A key concept in the IS discipline is the concept of an information system (IS). It seems logical that undergraduate IS students should be exploring the nature of an IS in depth with the aim of developing a deep understanding. To achieve this deep understanding the research in other disciplines suggests that IS students should be using learning approaches with certain educationally critical characteristics that are specific to learning about the concept of an IS. Yet, the detail of these educationally critical characteristics has not appeared previously in the IS education research literature. This would seem to be a significant impediment to ensuring the quality of IS students' learning outcomes.

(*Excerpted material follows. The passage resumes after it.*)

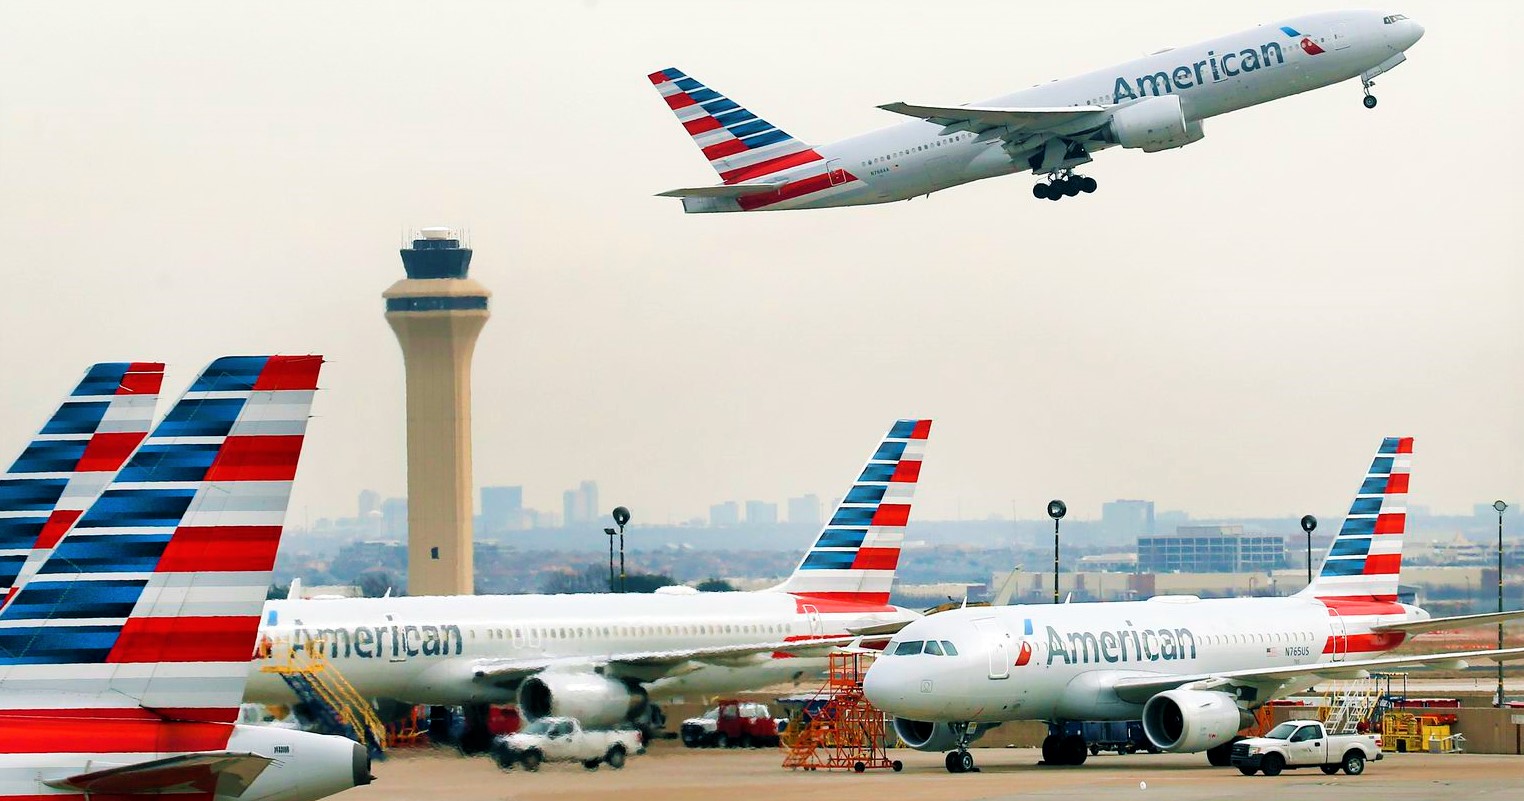 Positive  trend - After United  and  JetBlue  hiring  efforts ,  American airlines to add 300 pilots by year end  !

This paper reports one section of a large empirical study of IS undergraduate students' learning experiences. The section investigated the educationally critical characteristics of learning approaches likely to lead to the development of a deep understanding of the concept of an IS. The findings have significant implications for IS undergraduate education.

Background

One of the most powerful contributions to improving the quality of students' learning outcomes in higher education has been made by the student learning research (Biggs, 1999). This research has investigated students' and teachers' perceptions of their own experiences of learning environments. A research approach frequently used in the student learning research has been phenomenography--a qualitative approach that attempts to describe broad variation in small groups of peoples' experiences of a phenomenon in the world (see Marton & Booth, 1997 for more detail). The broad variation has been described in the form of an outcome space of a limited number of critically different but hierarchically related categories of description of a phenomenon. Phenomenography has been especially useful in the study of student learning. The categories of description higher in a hierarchy have been shown logically to be associated with better quality learning outcomes. The differences between categories of description have proven to be educationally critical ones. Analyzing these critical differences has provided insights into how teaching and learning can be structured to bring about high quality learning (Cope, 2000a; Marton & Booth, 1997).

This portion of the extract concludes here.